Again, because those functions should be implemented in the same module as that of the generated DAG (dataproc_master_config = getattr(sys.modules[__name__], "get_dataproc_master_config", default_dataproc_master_config), ...), we need to create a customized DAG template that will allow us to implement those methods.

A good practice is to inject those configurations via the use of Terraform variables.

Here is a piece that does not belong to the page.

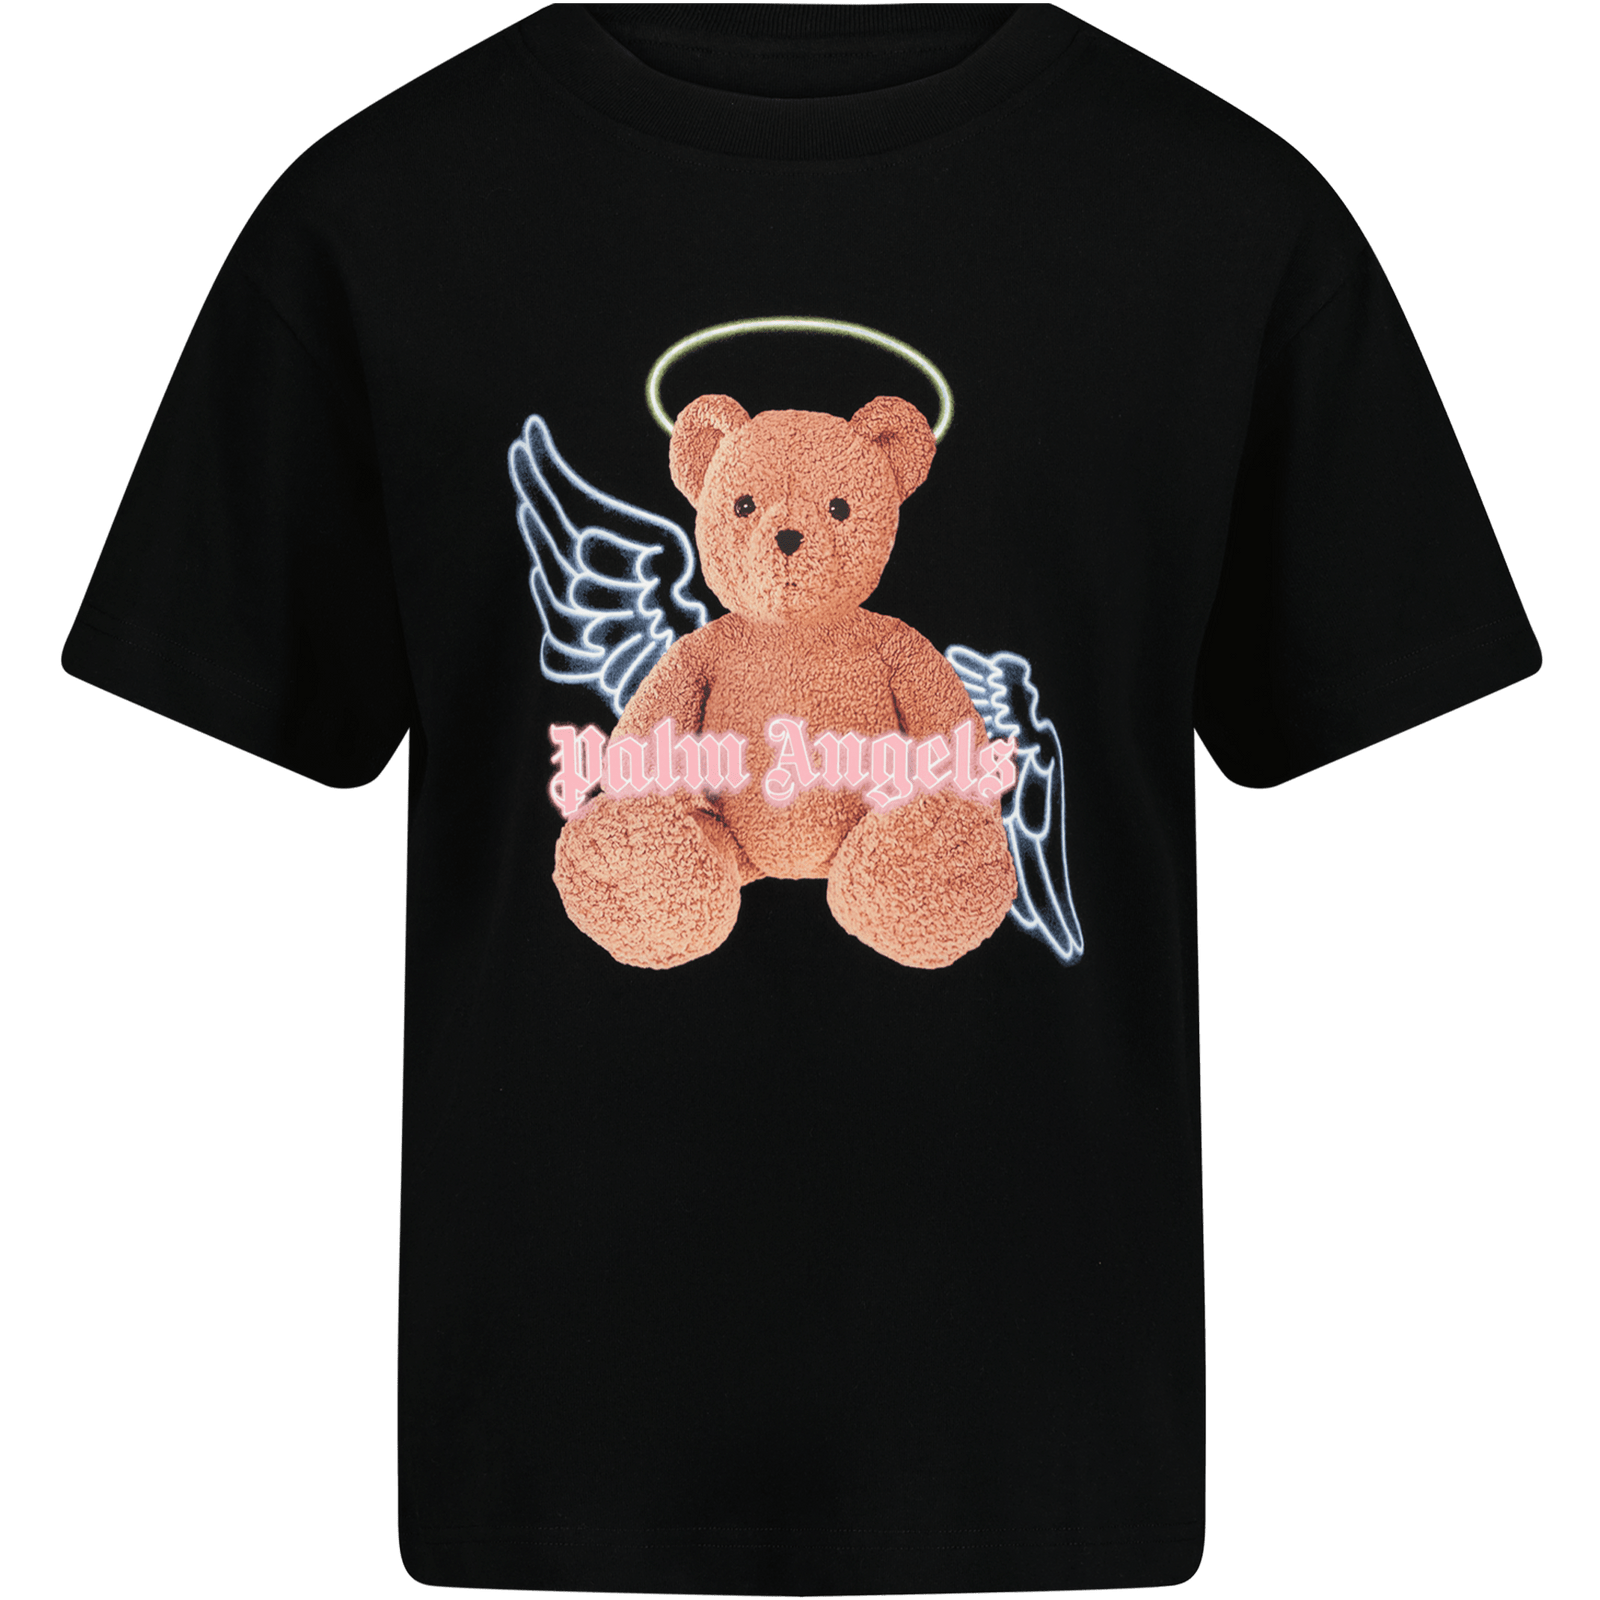 Palm Angels Kinder Meisjes T-Shirt Zwart 4Y

metadata/dags/templates/__custom_dataproc.py.j2
import json

from ai.starlake.job.airflow import AirflowStarlakeOptions
from ai.starlake.job.airflow.gcp import StarlakeDataprocWorkerConfig

clusters:dict = json.loads("""${clusters}""") # Terraform variable

# ...

def get_dataproc_worker_config(cluster_config_name: str, **kwargs):
    # lookup a specific configuration given the name of the cluster configuration
    worker_config = AirflowStarlakeOptions.get_context_var(cluster_config_name.upper().replace('-', '_'), clusters.get(cluster_config_name, None), options, deserialize_json=True)
    if worker_config:
        return StarlakeDataprocWorkerConfig(
            num_instances=int(worker_config.get('numWorkers', 0)),
            machine_type=worker_config.get('workerType', None),
            disk_type=None,
            disk_size=None,
            options=options,
            **kwargs
        )
    else:
        return None

# additional dataproc cluster properties
dataproc_cluster_properties = {
    "spark:spark.driver.maxResultSize": "15360m",
    "spark:spark.driver.memory": "30720m",
}

metadata/dags/templates/custom_scheduled_task_dataproc.py.j2
# our customized DAG template for data transformation using dataproc

{% include 'dags/templates/__custom_jobs.py.j2' %} # specific code to inject jobs parameters
{% include 'dags/templates/__custom_dataproc.py.j2' %} # specific code to customize the configuration of our dataproc cluster
{% include 'templates/dags/transform/scheduled_task_dataproc.py.j2' %} # the base Starlake DAG template that needs to be extended

metadata/dags/custom_transform_dataproc.yml
---
# norm_dataproc_domain.sl.yml our DAG configuration using our customized DAG template

dag:
  comment: "dag for transforming tables for domain {\{domain\}} with dataproc" # will appear as a description of the dag
  template: "custom_scheduled_task_dataproc.py.j2" # the dag template to use
  filename: "{\{domain\}}_norm_dataproc.py" # the relative path to the outputDir specified as a parameter of the `dag-generate` command where the generated dag file will be copied
  options:
    sl_env_var: "{\"SL_ROOT\": \"${root_path}\", \"SL_DATASETS\": \"${root_path}/datasets\", \"SL_TIMEZONE\": \"Europe/Paris\"}"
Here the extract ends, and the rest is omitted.